She made me go with her to get a pregnancy test since she's missed a few birth control pills. She made me park in the "expectant mothers" spot at CVS and preceded to ask if it would be in the pest control section.
Exactly. wat kind of friend would i be if i even pretended to give a shit about ur problems
Ok. In one sink is a hairdrier. Still plugged in. The other is filled with broken glass. What do I do?!
Nvm. Bloody hand trumps dead. Also, where is gauze.
I now have an ENTIRE drawer of unused disposable silverware from Boston Market... and you guys said I needed to "buy" kitchen stuff
Oh my god! She wrote the word ''hi'' in HAIR on the shower wall. What the fuck?!
the story is to long to tell you via txt so when you notice the tattoo on your ass call me.
He just called me juicy booty via text message.
I have 4 passes to the spa here, walking around with a robe on and putting cucumber slices on my penis. You guys should come hang out here. It's very relaxing
I just almost said to a customer "P as in Pussy"
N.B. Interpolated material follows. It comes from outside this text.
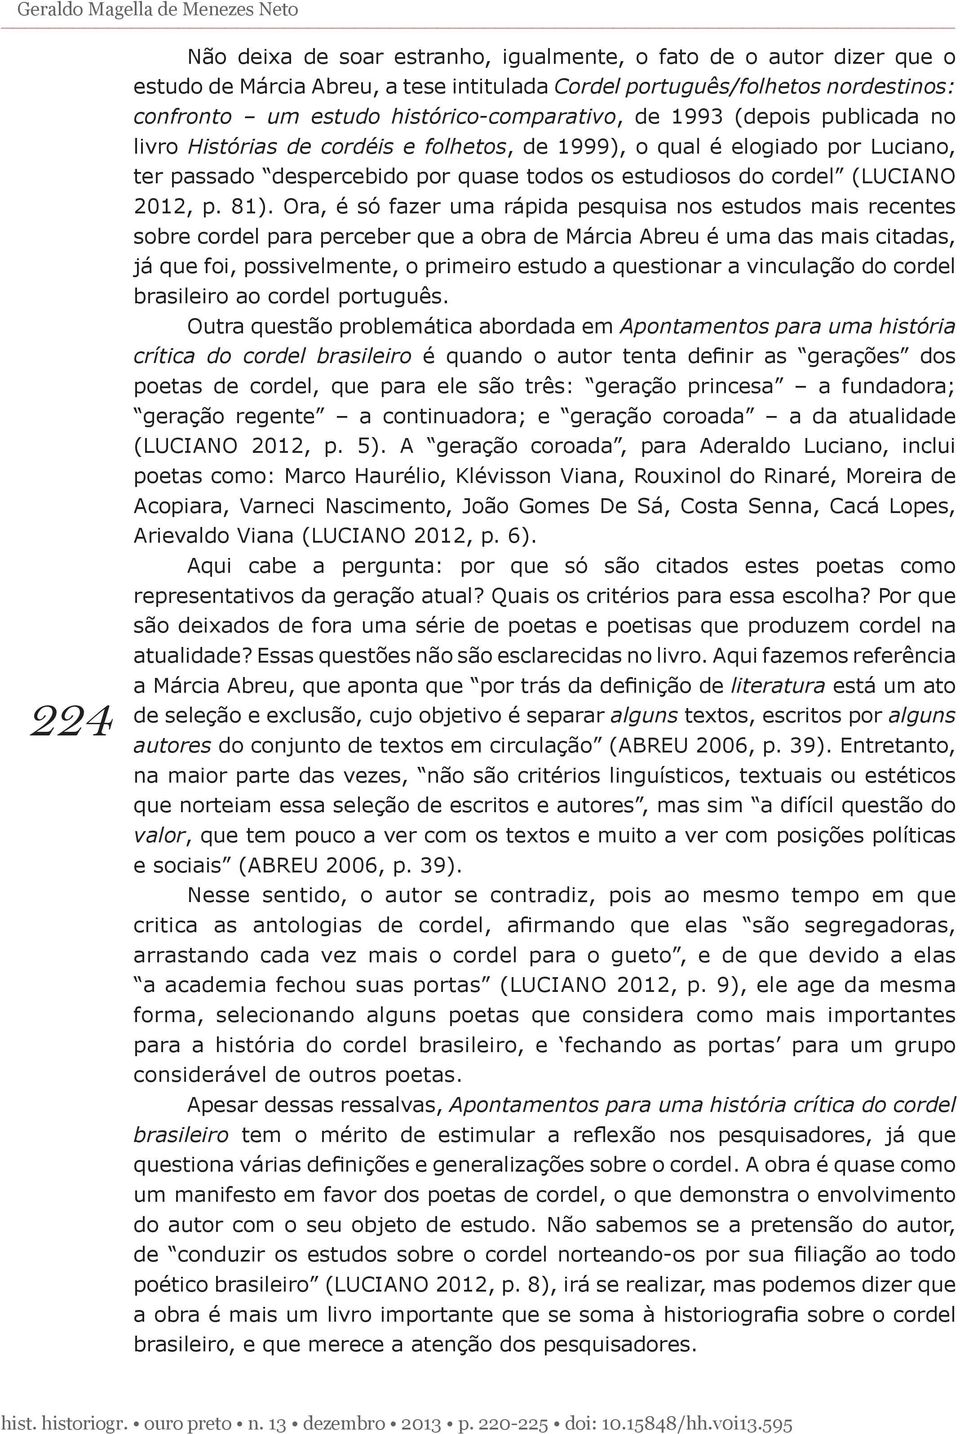 cordel (LUCIANO 2012, p. 81).
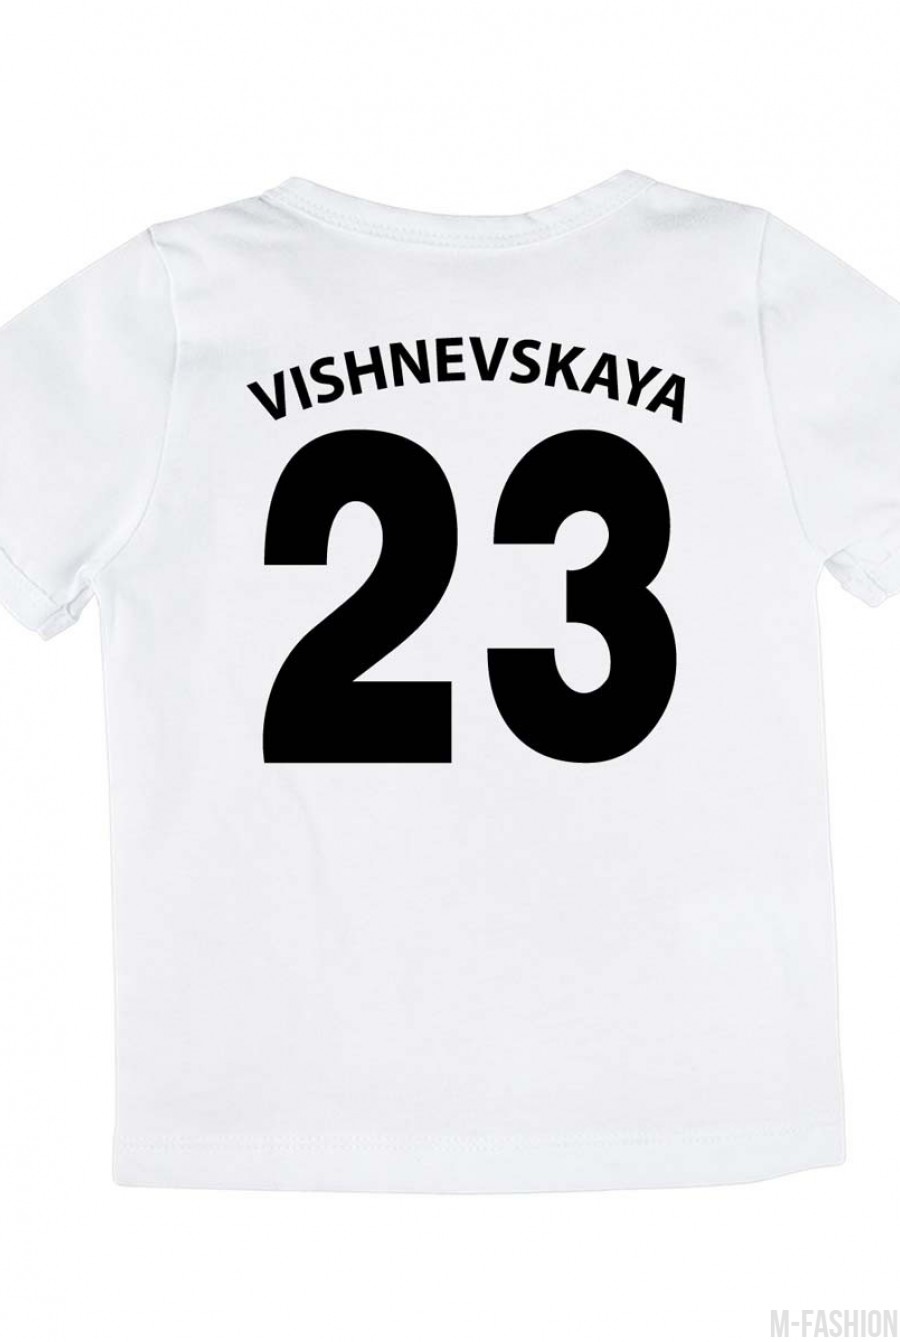 Хлопковая футболка с принтом и возможностью индивидуальной печати фамилии и номера- Фото 3

this temple that is my body is starting to crumble and turn into ruins
When you leave ur sleepover boy on ur front porch waiting for a cab bc work
Life lesson... stop having side pieces that know each other...ffs.
You're incredible, and I'm drunk
Change the sheets & put your dick in the dishwasher. I'll see you in an hour.
Sitting on my couch watching TV in my underwear drinking a bottle of wine.... and you want to interrupt me to come pick you up. No I will not do it.